State v. Wilbanks

Beasley, Presiding Judge,

dissenting.

I respectfully dissent.

*425Wilbanks argues that the State’s reliance upon federal cases holding to the contrary is misplaced because the Georgia statute does not explicitly state, as does 21 USC § 881 (a) (7), that a violation of that act will result in a forfeiture of “[a] 11 real property, including any right, title, and interest (including any leasehold interest) in the whole of any lot or tract of land and any appurtenances or improvements, which is used, or intended to be used, in any manner or part, to commit, or to facilitate the commission of [a drug offense]. ...” The federal forfeiture statute originated in 1970. Pub. L. 91-513, Title II, § 511. Among its amendments since then is subsection (a) (7), which was added with certain other subsections in 1984. Pub. L. 98-473, 306 (a). The Georgia statute originated in 1974. Ga. L. 1974, p. 221, § 1. Section 16-13-49 was rewritten in 1991, effective before the seizure in this case. Ga. L. 1991, p. 886, § 1. Prior to rewriting, it did not include real property.

A cardinal rule of statutory construction is that “the court must first ascertain the legislative intent in enacting the law and then construe the law to implement that intent. [Cit.]” State of Ga. v. Jackson, 197 Ga. App. 619, 620 (1) (399 SE2d 88) (1990). The legislature used broadly inclusive language in OCGA § 16-13-49 (d) (2): “all property,” and “directly or indirectly,” and “used or intended for use in any manner to facilitate.” This clearly signifies the intent of the legislature that the entirety of any property, including real estate, be forfeited. Although it did not explain these plain words by describing their fullness in detail, as did the federal statute, it did not limit these all-inclusive words either.

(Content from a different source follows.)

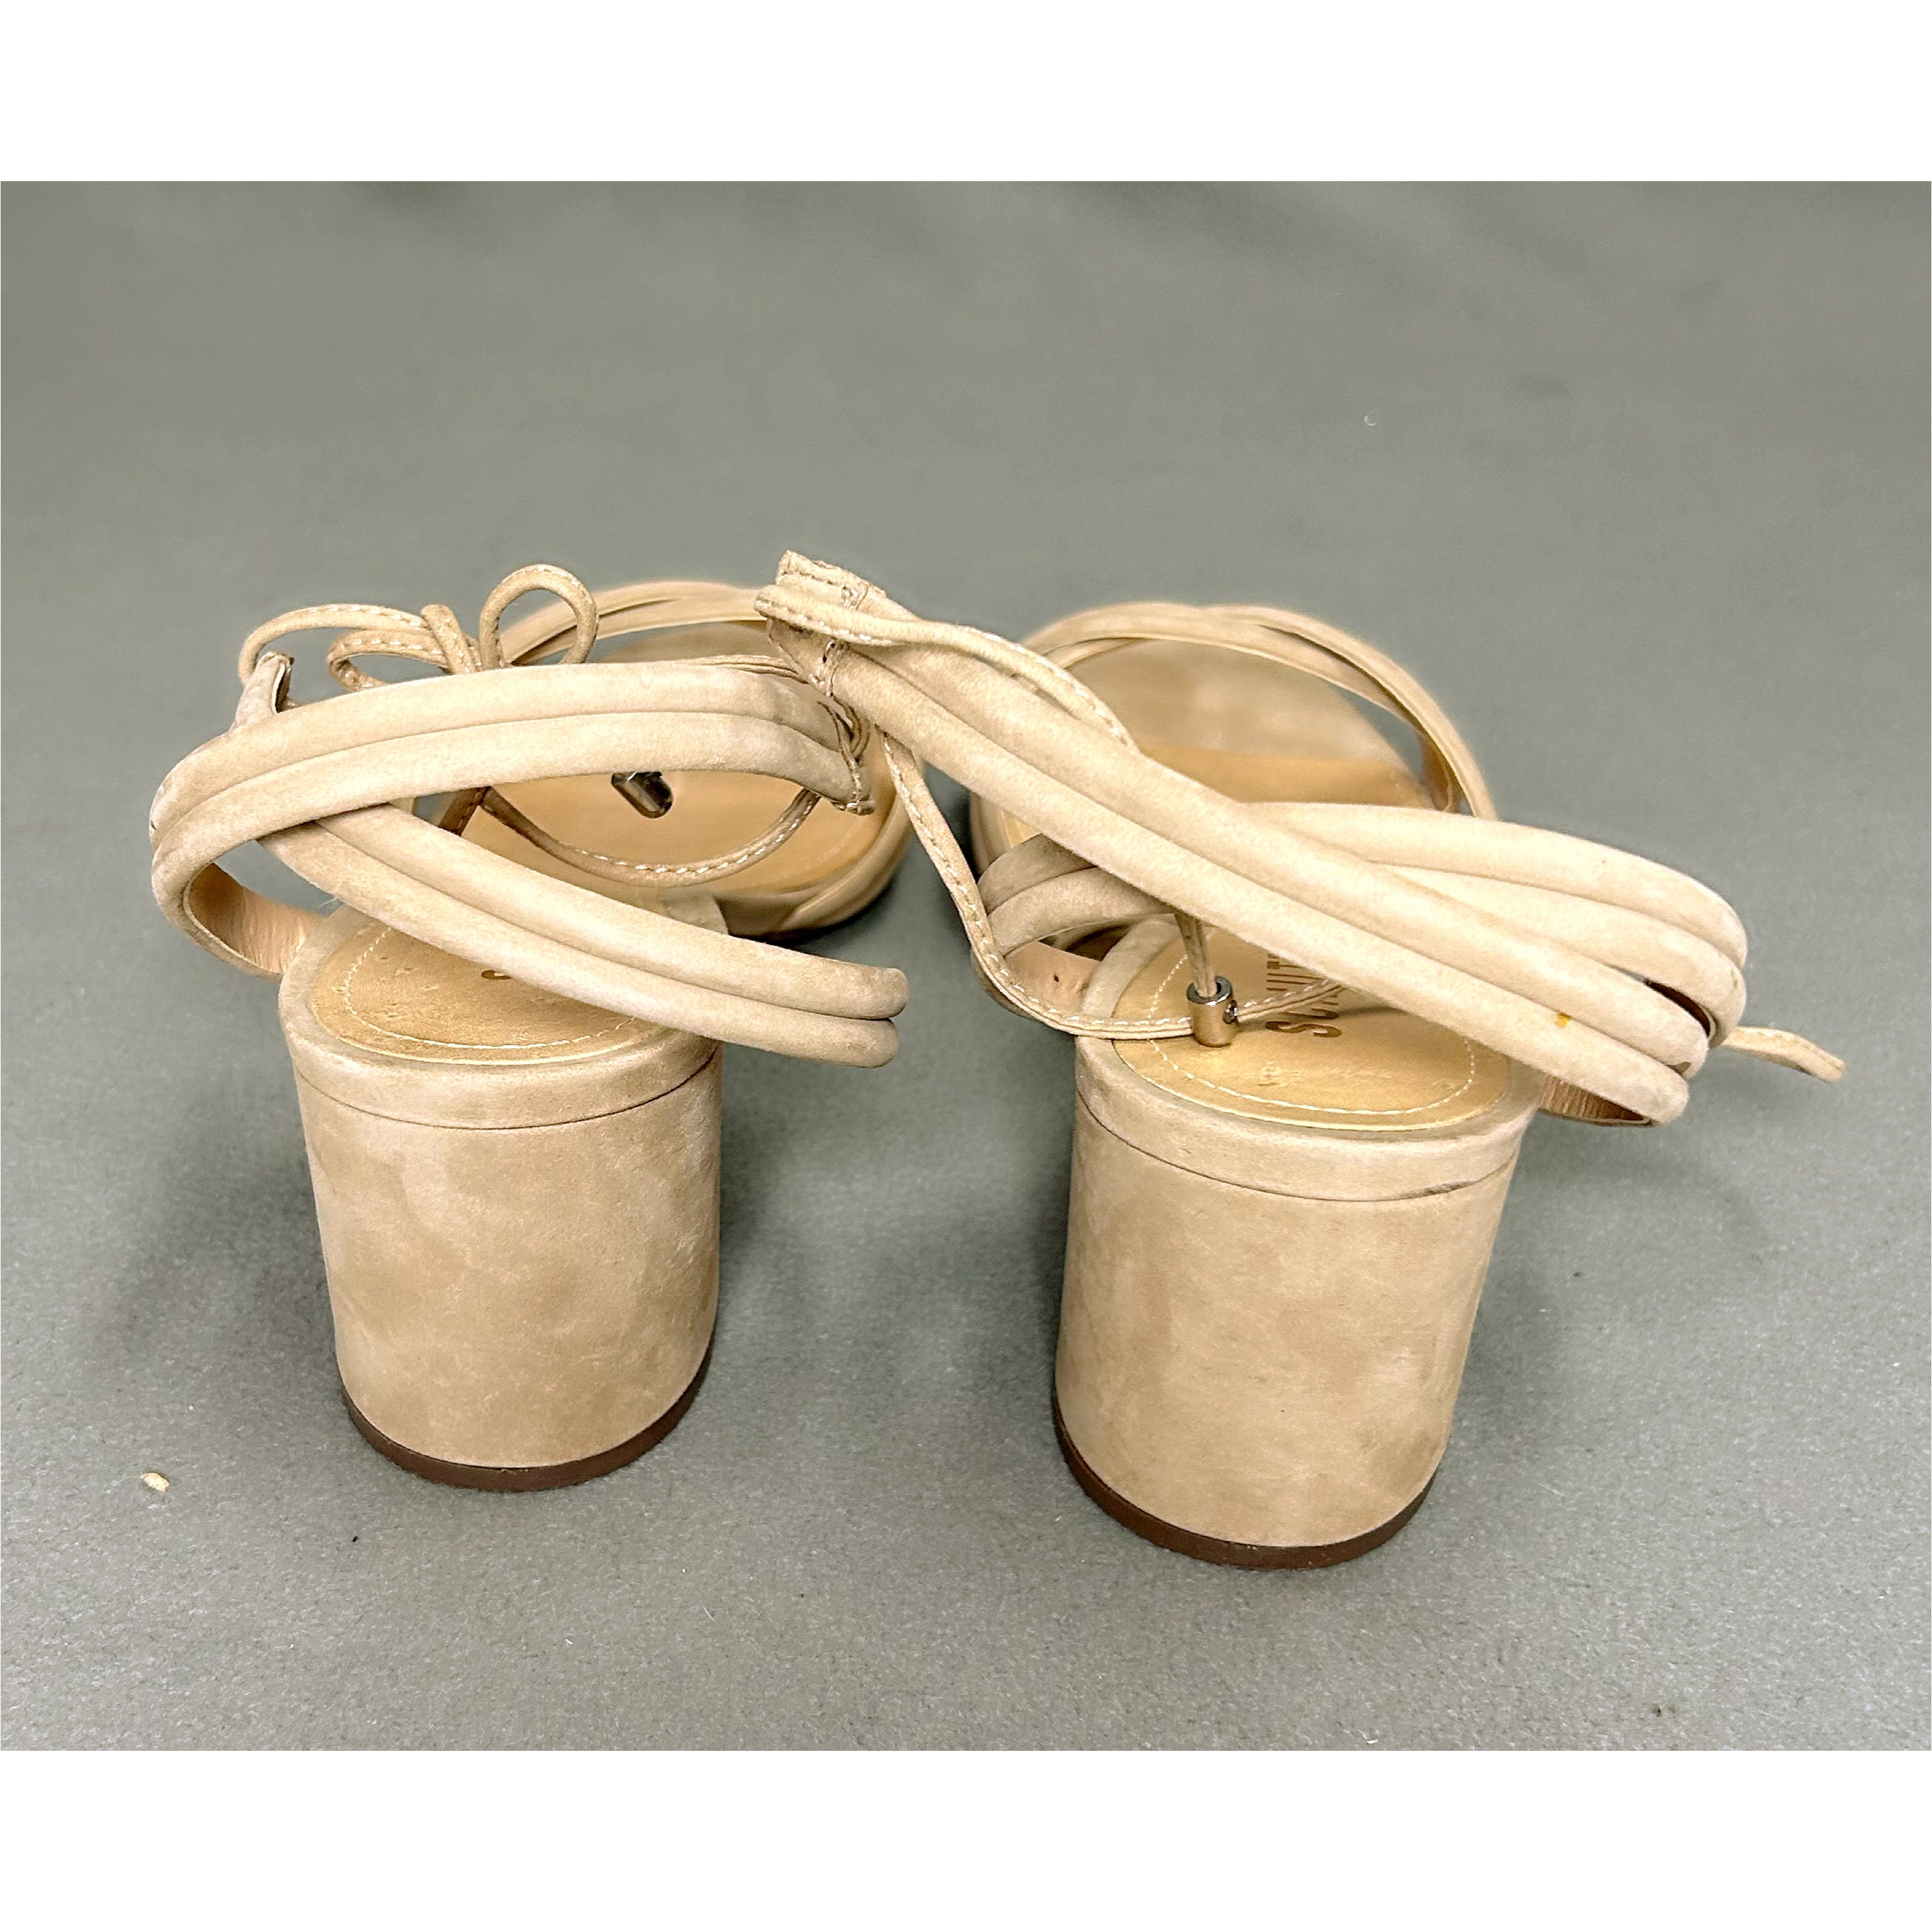 Schutz tan nubuck suede sandals, size 9, NEW IN BOX!

We have recognized that the State’s interest in a forfeiture proceeding “is only to prevent a guilty party from further misusing the property,” and is thus remedial in nature. State of Ga. v. Sewell, 155 Ga. App. 734, 735 (2) (272 SE2d 514) (1980). The legislature explicitly expressed its intent by directing in subsection (z) that “[t]his Code section must be liberally construed to effectuate its remedial purposes.” The federal forfeiture statute contains no such clear legislative directive.4 Neither did the Georgia statute before the amendment, when it was strictly construed. See State of Ga. v. Jackson, supra.

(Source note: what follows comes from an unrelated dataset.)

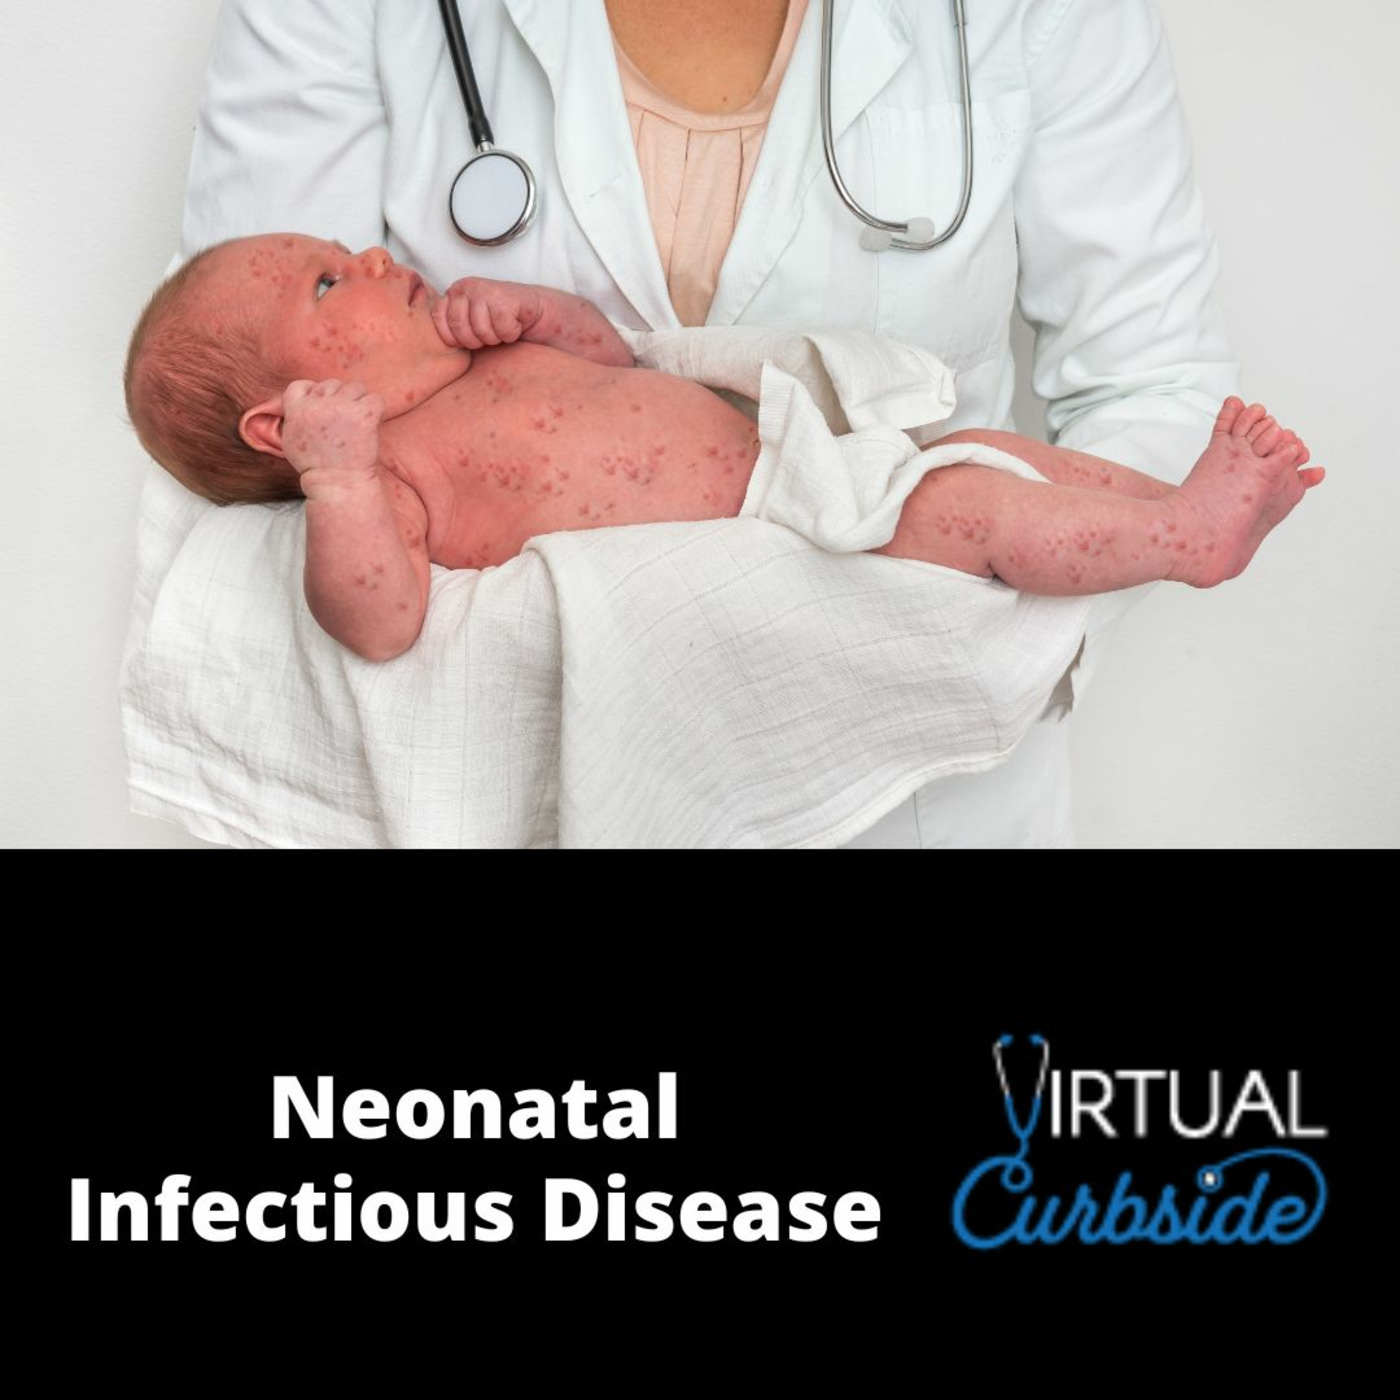 Episode 266: #62-2 Neonatal Infectious Disease: Treatment of Congenital Syphilis

To permit the forfeiture of only an internal portion of a tract of land, not even including the access by which the drugs were brought in, as the trial court did here, according to the State’s undisputed description below, thwarts the legislative intent and in addition results in many problems of practical usage and conveyance, which the *426legislature may have recognized. One of the principles of statutory construction applicable here is quoted in Hollowell v. Jove, 247 Ga. 678, 681 (279 SE2d 430) (1981): “‘[T]he language being plain, and not leading to absurd or wholly impracticable consequences, it is the sole evidence of the ultimate legislative intent.’ ”

Decided March 19, 1993 — Reconsideration denied April 2, 1993 Jack O. Partain III, District Attorney, Gary D. Bergman, Special Assistant District Attorney, for appellant. William W. Keith III, Karen E. Luffman, for appellee.

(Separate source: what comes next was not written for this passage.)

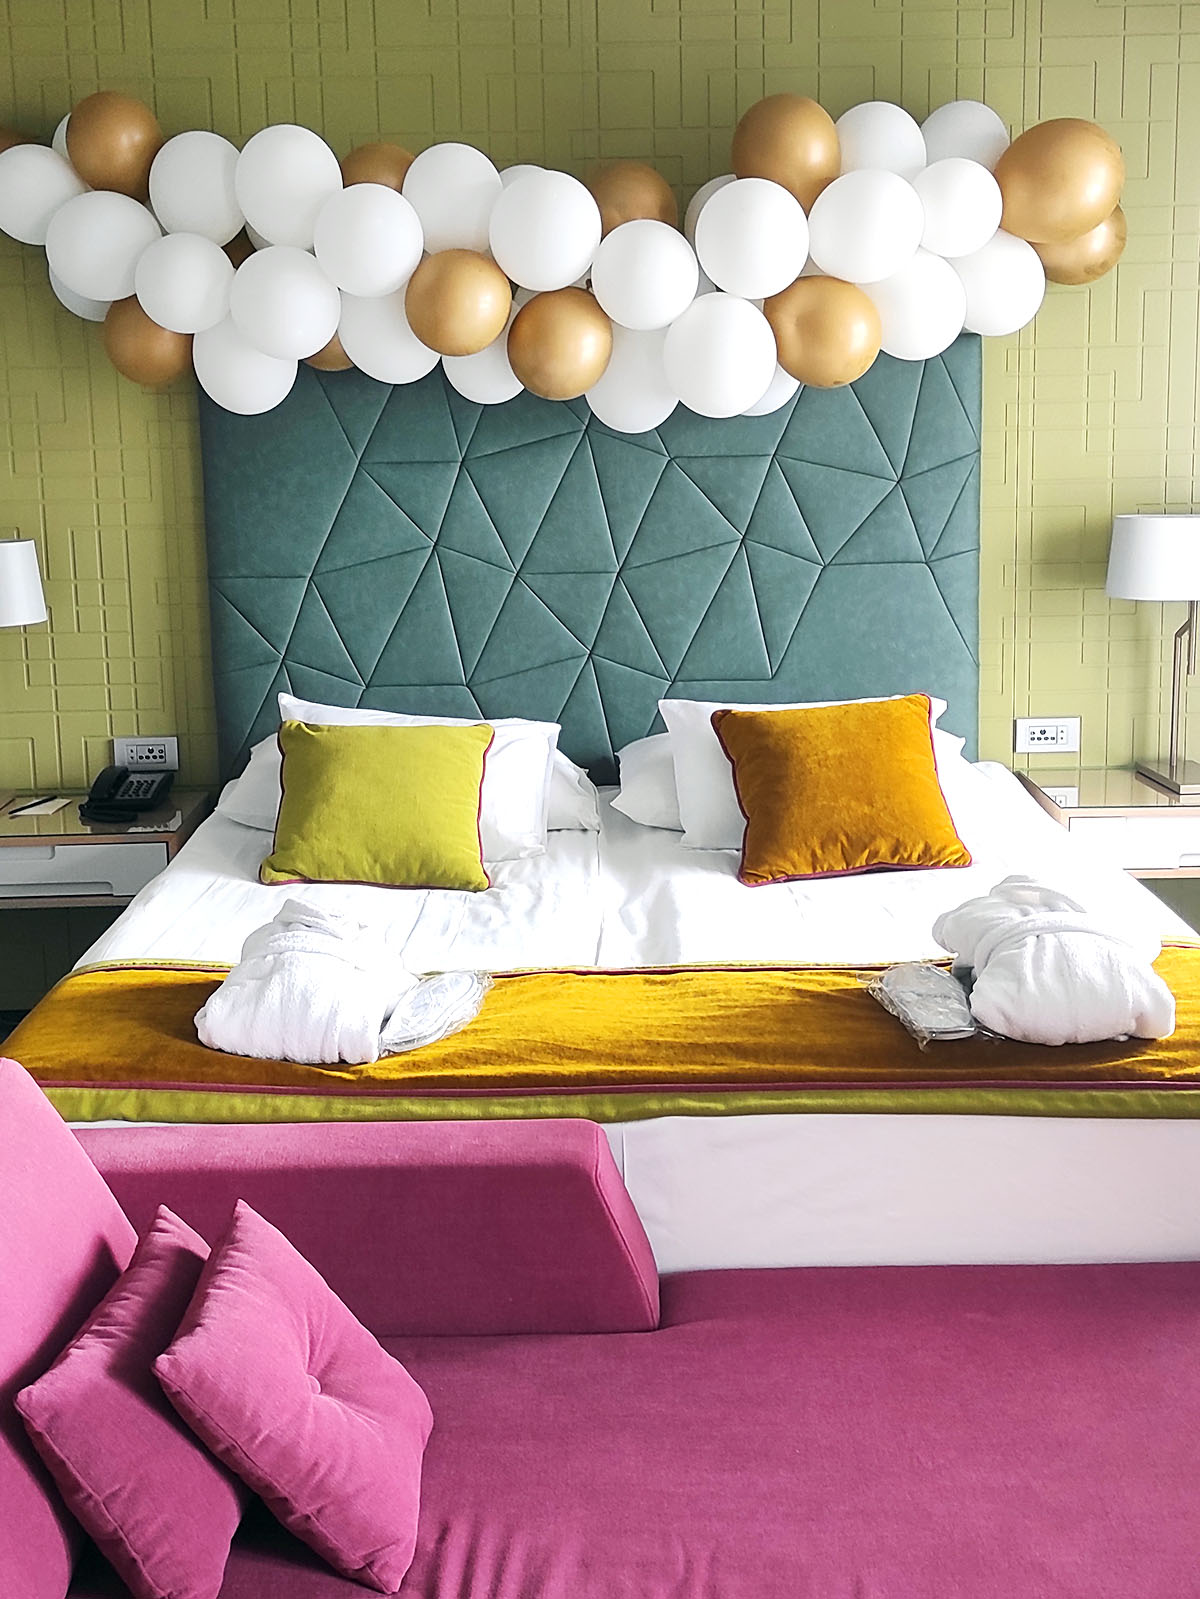 Bled Rose Hotel: prvi Instagram hotel na našim prostorima koji nas je oduševio!

In In the Matter of a Parcel of Real Property Known as 1632 N. Santa Rita, Tucson, 801 P2d 432 (Ct. App. Ariz. 1990), the Arizona Court of Appeals considered the same issue, under ARS § 13-2314 (F). It allows state forfeiture in racketeering cases, which covers possession of marijuana for sale. One of the categories subject to forfeiture, in subsection (3), is “all. . . property . . . used or intended to be used in any manner or part to facilitate the commission of the offense.” That court ascertained that this subsection “serves two purposes. It deprives the defendant of the means to commit further offenses, and it also helps the state defray the expenses of the investigation and prosecution. Based on the first purpose alone, the statute can be fairly characterized as remedial.” Id. at 436 (1). It further determined that, “like the federal statute, A.R.S. § 13-2314 (F) states that all property used to facilitate the commission of the offense is subject to forfeiture.” (Emphasis in original.) Id. at 437 (5). The Arizona statute does not contain the detail found in the federal statute. Nevertheless, the operative words were “all property.” Those same all-inclusive words are used in the Georgia statute. See also In re Land Located in Effingham, New Hampshire, 561 A2d 1061 (NH 1989) (entire 84-acre tract forfeited although marijuana found growing on only a portion of it; issue was whether the owner was aware of the drug violation).

The trial court incorrectly ruled that under the statute only real property within the curtilage of the mobile home is forfeited. No such carving out is contemplated by the statute. Of course, the innocent owners’ interests are protected. OCGA § 16-13-49 (e).

I am authorized to state that Chief Judge Pope and Presiding Judge Birdsong join in this dissent.

The federal criminal forfeiture statute does. See 21 USC § 853 (o); United States v. Littlefield, 821 F2d 1365 (9th Cir. 1987).